I know I'm being pedantic here, but I'm just trying to understand the C++ grammar production.

I will start with a simple-declaration.

simple-declaration:
    decl-specifier-seq_opt   init-declarator-list_opt

decl-specifier-seq:
    decl-specifier

decl-specifier:
    type-specifier

type-specifier:
    trailing-type-specifier

trailing-type-specifier:
    simple-type-specifier

simple-type-specifier:
     char
     int
     ...
     auto

---

Now, I'll look into the definition of a init-declarator-list.

init-declarator-list:
    init-declarator

init-declarator:
    declarator

declarator:
    noptr-declarator   parameters and qualifiers   trailing return type    (*2)

noptr-declarator:
    declarator-id   attribute-specifier-seq_opt
    noptr-declarator   parameters and qualifiers    (*1)

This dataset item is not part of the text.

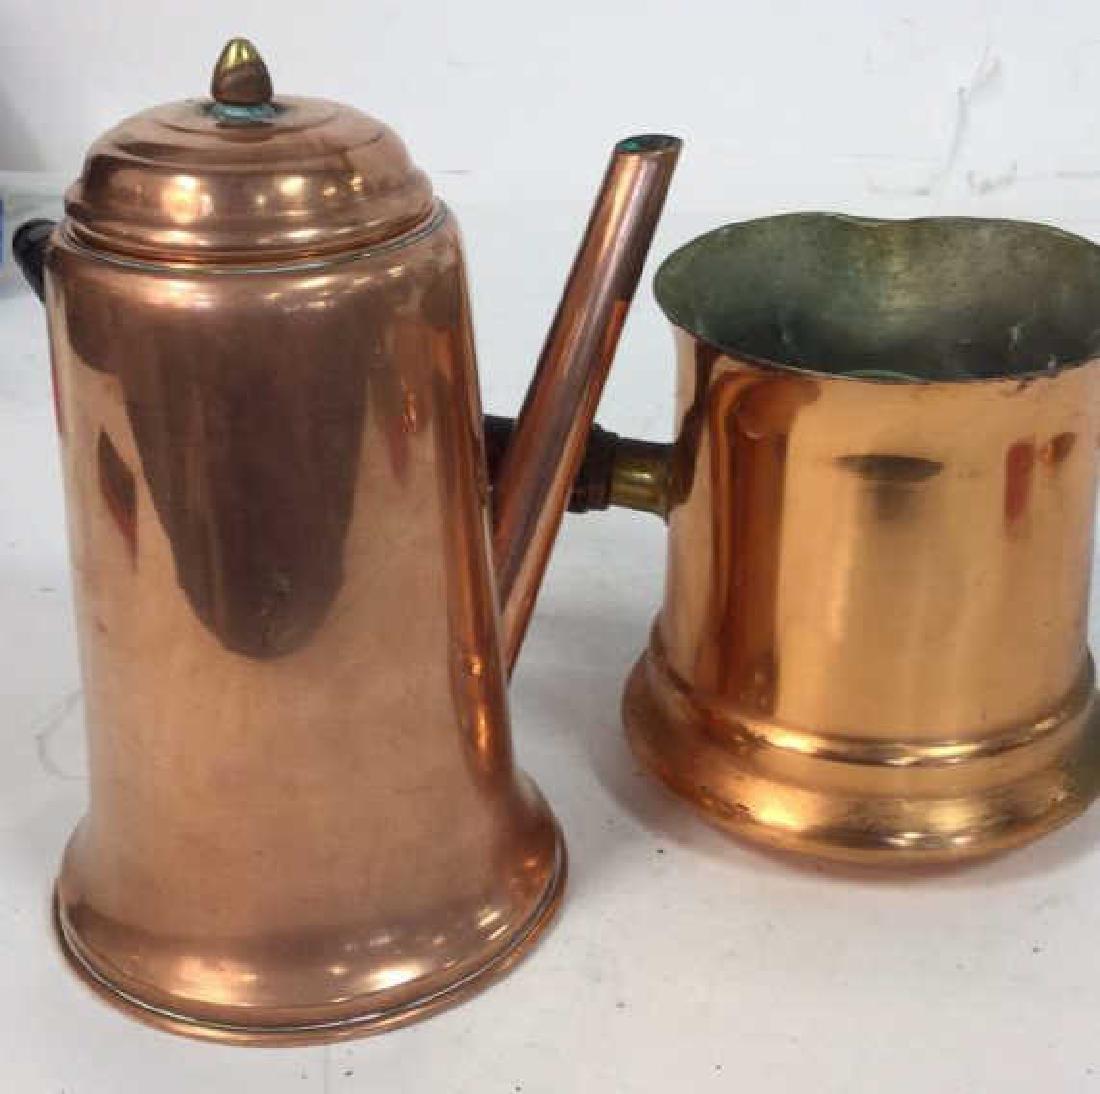 Vintage Copper Kitchen Pots Implements - 10

parameters and qualifiers:
    (parameter-declaration-clause)   cv-qualifiers_opt   ... (all optionals)

trailing-return-type:
    ->   trailing-type-specifier-seq

trailing-type-specifier-seq:
    trailing-type-specifier                See the definition of a traling-type-specifier above.

---

Replacing noptr-declarator by a declarator-id in (*1), using the previous definition of noptr-declaration, we arrive at the following definition of nonptr-declarator:

noptr-declaration:
    declarator-id   parameters and qualifiers

Now replacing noptr-declarator, parameters and qualifiers and trailing-return-type in (*2) by each definition given above, we obtain the following for declarator:

declarator:
    declarator-id   (parameter-declaration-clause)   (parameter-declaration-clause)   ->
                                    simple-type-specifier

---

With this last result we could say that the grammar allows the following declaration of a function f:

auto f()() -> int;  

which of course is not valid. But I couldn't find anything in the Standard saying, directly or indirectly, that this construction is ill-formed.

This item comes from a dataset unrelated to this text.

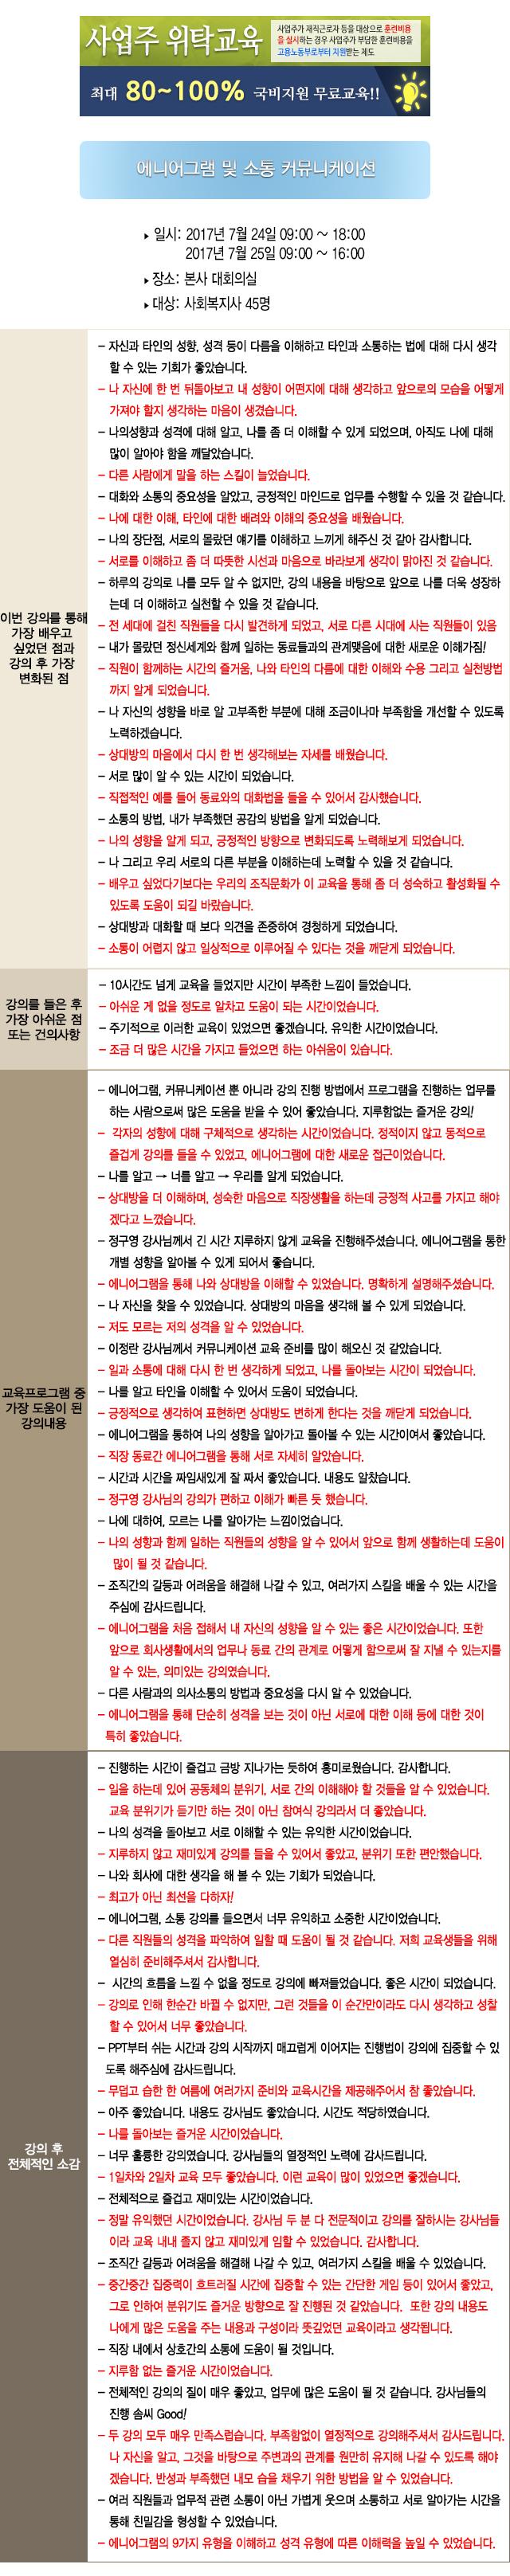 한국중앙인재개발원 후기 명휘원.jpg

The error messages from GCC (f declared as function returning a function) and clang (auto return without trailing return type; deduced return types are a C++1y extensions) didn't help in this regard either.

Answer 1

In fact, the gcc error message is quite helpful: The grammar does in fact allow auto f()() -> int, but this syntactically correct declaration is semantically invalid. It would describe a function returning a function returning int. See the answer of ecatmur for the standard quote disallowing that.

To understand the parse, work like this. f is what you want to declare. Parse to the right, you'll find an empty argument list, so f() is a valid expression, and the type of that expression gets declared. Parse again to the right, you'll find an argument list again, so the return type of f is a function taking zero arguments. Parse again to the right, and you will hit the end (the -> arrow), so parse to the left to find the result type, which is auto, and gets replaced by the type past the arrow.

Answer 2

[dcl.fct]/8:

[...] Functions shall not have a return type of type array or function, although they may have a return type of type pointer or reference to such things. [...]